# E-350



## sno-mover (Jan 12, 2002)

A buddy of mine knows some one who is getting rid of a 98' E-350 15' cube van 5.4 V8 55k srw (I think) any idea what it is worth? 
Thanks Ray.:waving:


----------



## phillyplowking1 (Dec 19, 2001)

Ray, try looking on trucktrader.com .


----------



## Mike 97 SS (Aug 11, 2002)

Are you considering purchasing it? Just be careful with those 5.4s, they are KNOWN for blowing spark plugs out of the heads and it takes the threads in the head and coil pack with it. Very expensive job to get fixed. I read about this over on a Ford SVT Lightning board. It doesnt only happen to the Lightning, even though the Lightning is probably a better candidate due to it having a supercharger. Just letting you know what these motor tend to do.

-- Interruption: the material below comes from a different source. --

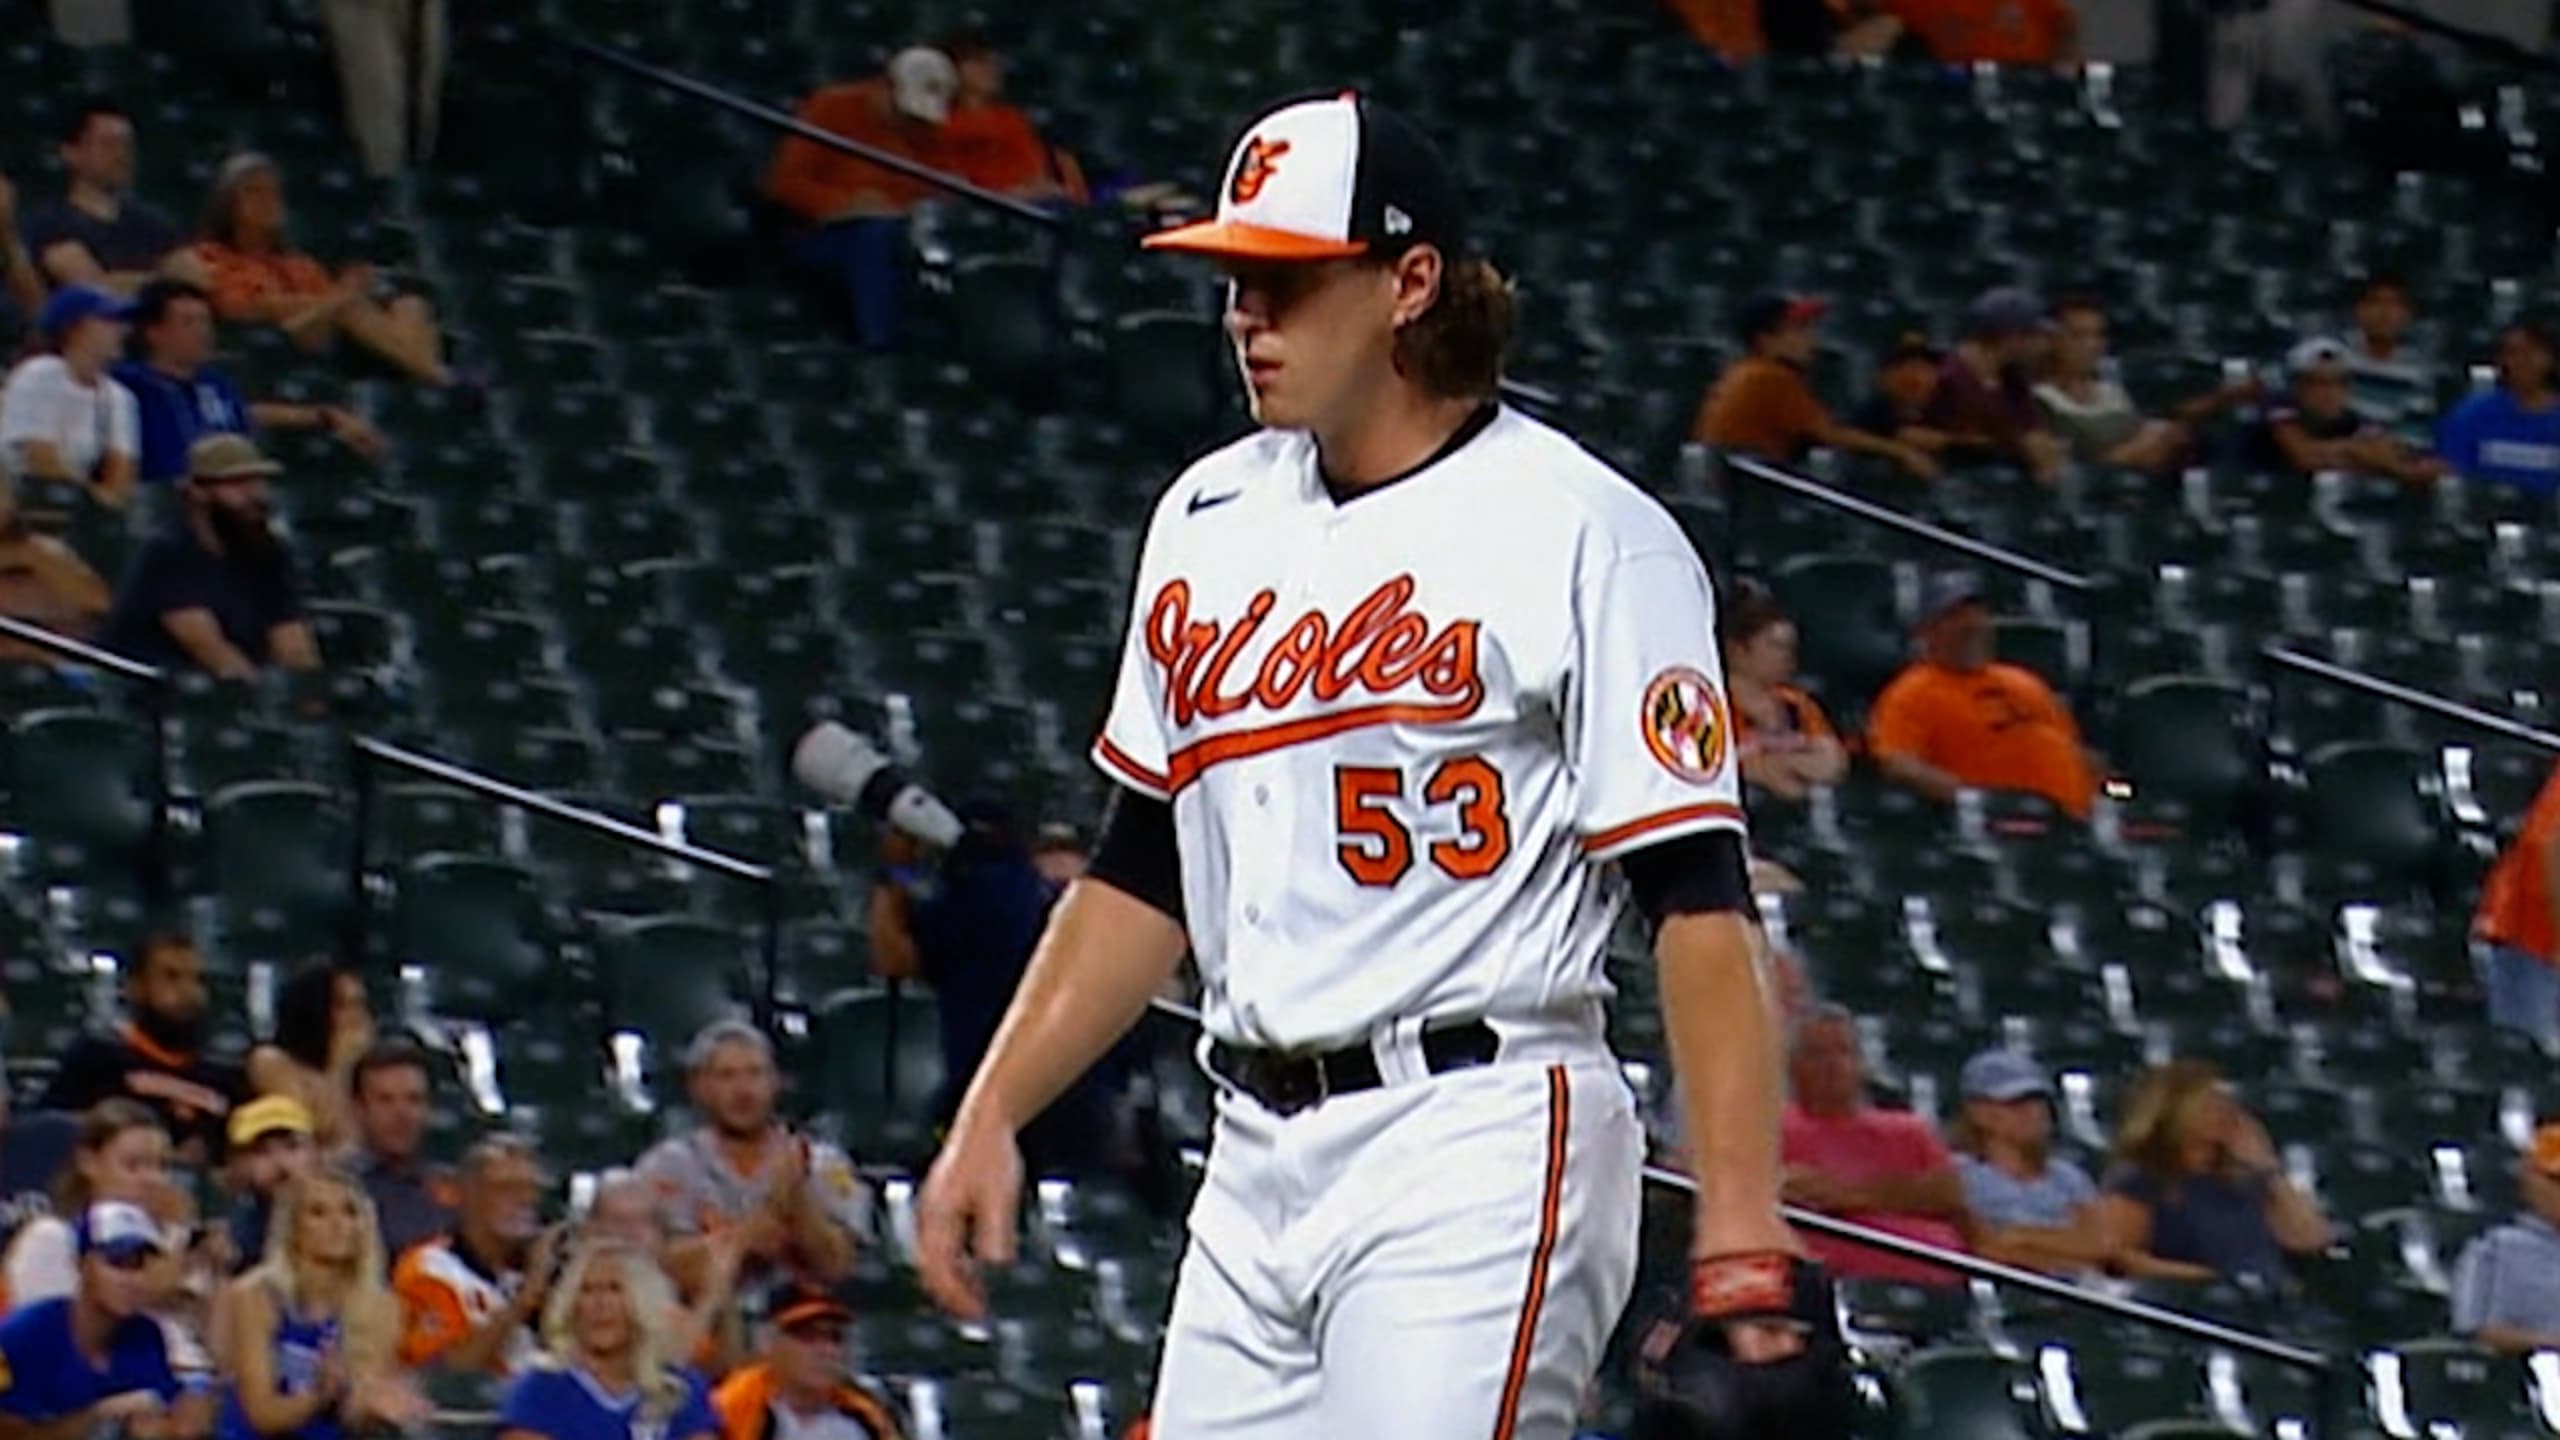 Mike Baumann learning to thrive out of Orioles' bullpen - The
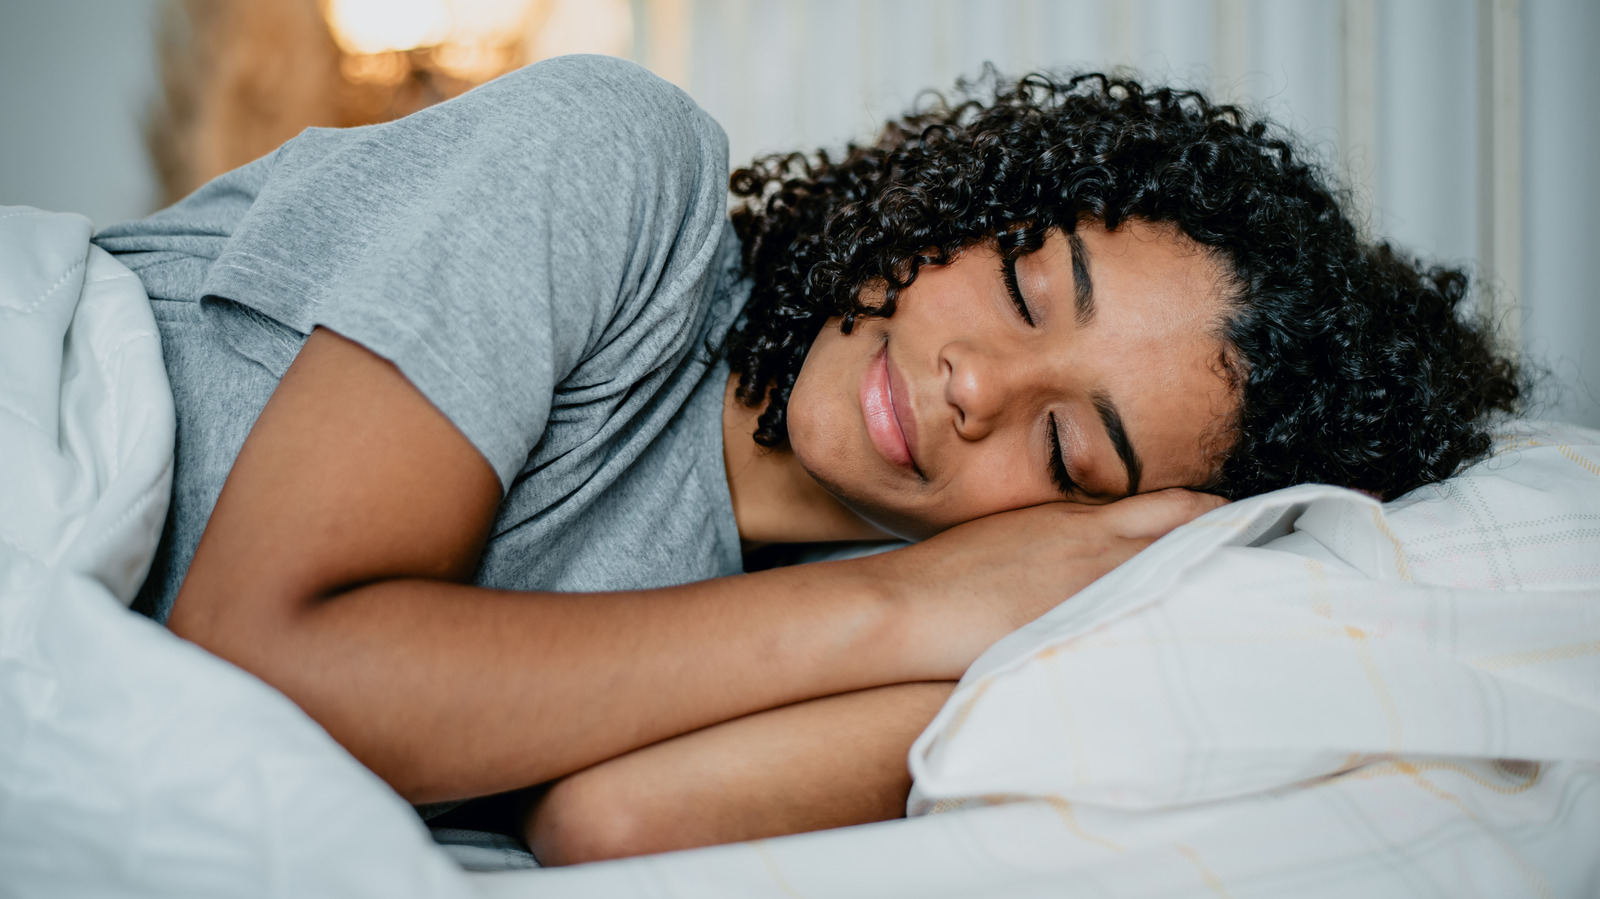 Try This Childhood Trick To Make Falling Asleep Easier – Health Digest

Mike


----------



## sno-mover (Jan 12, 2002)

Philyplowking1, I tried Auto trader, Kelly blue book and NADA, and all I could find were cargo vans. 

Mike,no I'm not interested in it its for my friend, Thanks for the heads up on the motor my uncle has a 5.4 in an f-250:salute: 

:waving:


----------



## phillyplowking1 (Dec 19, 2001)

Again try trucktrader.com and search for a similar cube van and compare prices.


----------